The temperature on the day of egg collection did not affect the chances of a live birth. However, the chances of a live birth rate decreased by 18 per cent when the embryos were transferred on the hottest days (average temperature of 14.5-27.80 C) compared with the coolest days (0.1-9.80 C), and there was a small increase in miscarriage rates, from 5.5 per cent to 7.6 per cent.

Dr Leathersich said although factors such as avoiding smoking, alcohol and staying generally healthy should be paramount when preparing for IVF, clinicians and patients could also consider external factors such as environmental conditions.

He said: “Our study suggests that the best conditions for live births appear to be associated with summer and increased sunshine hours on the day of egg retrieval.”

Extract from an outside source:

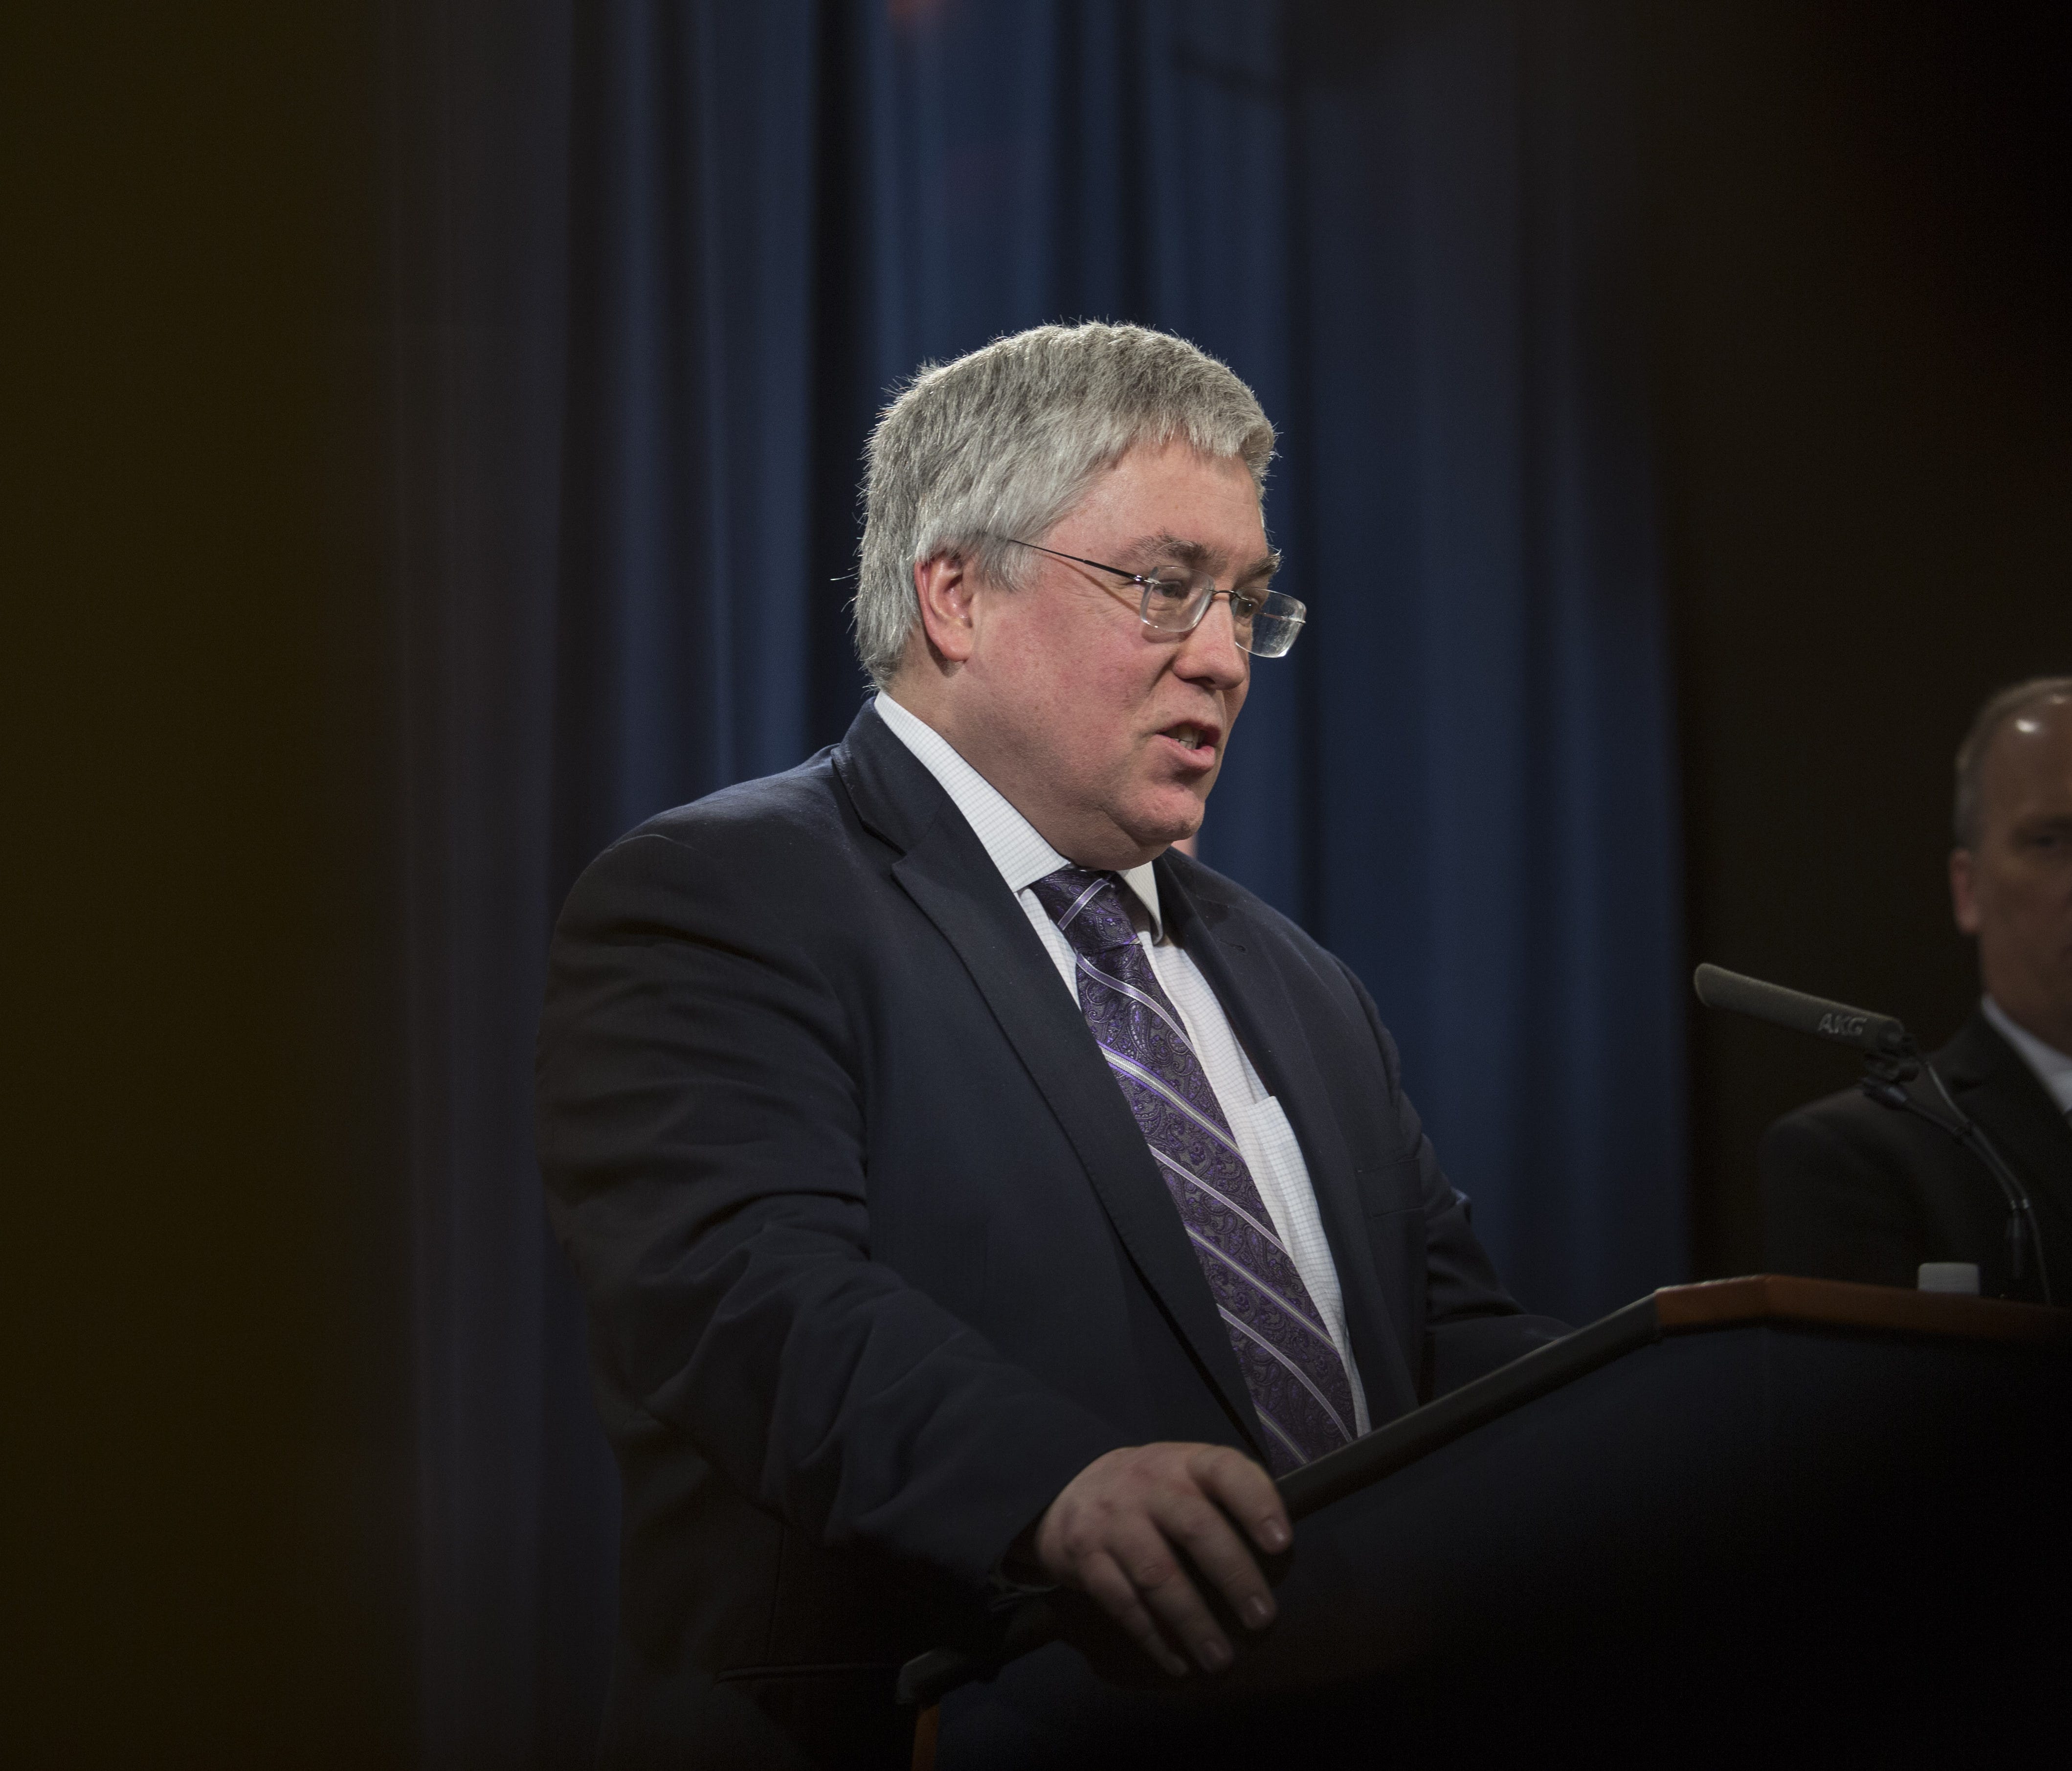 West Virginia Attorney General Patrick Morrisey speaks during a press conference at the Department of Justice in Washington, DC on February 27, 2018.

Scientists not involved in the study questioned its findings, published in the journal Human Reproduction, and said other factors are more likely to account for the variation.

Dr Ying Cheong, Professor of Reproductive Medicine at University of Southampton, said: “Seasonal variations are known to be associated with clinical outcomes, such as what we have already experienced with Covid-19. But I doubt the seasons alone can cause these variations; other biological, procedural and human factors associated with seasons are likely in play. For example, there were over 300 less procedures in the summer compared to the winter, and workload is known to influence productivity and efficacy even in clinical care.

“Such associative data is useful and interesting, but I would not recommend that patients rush in only for summer treatments. Fertility treatment requires significant amount of careful planning, and patients must only come for their fertility treatment when they are clinically and psychologically ready, and not only when the sun shines.”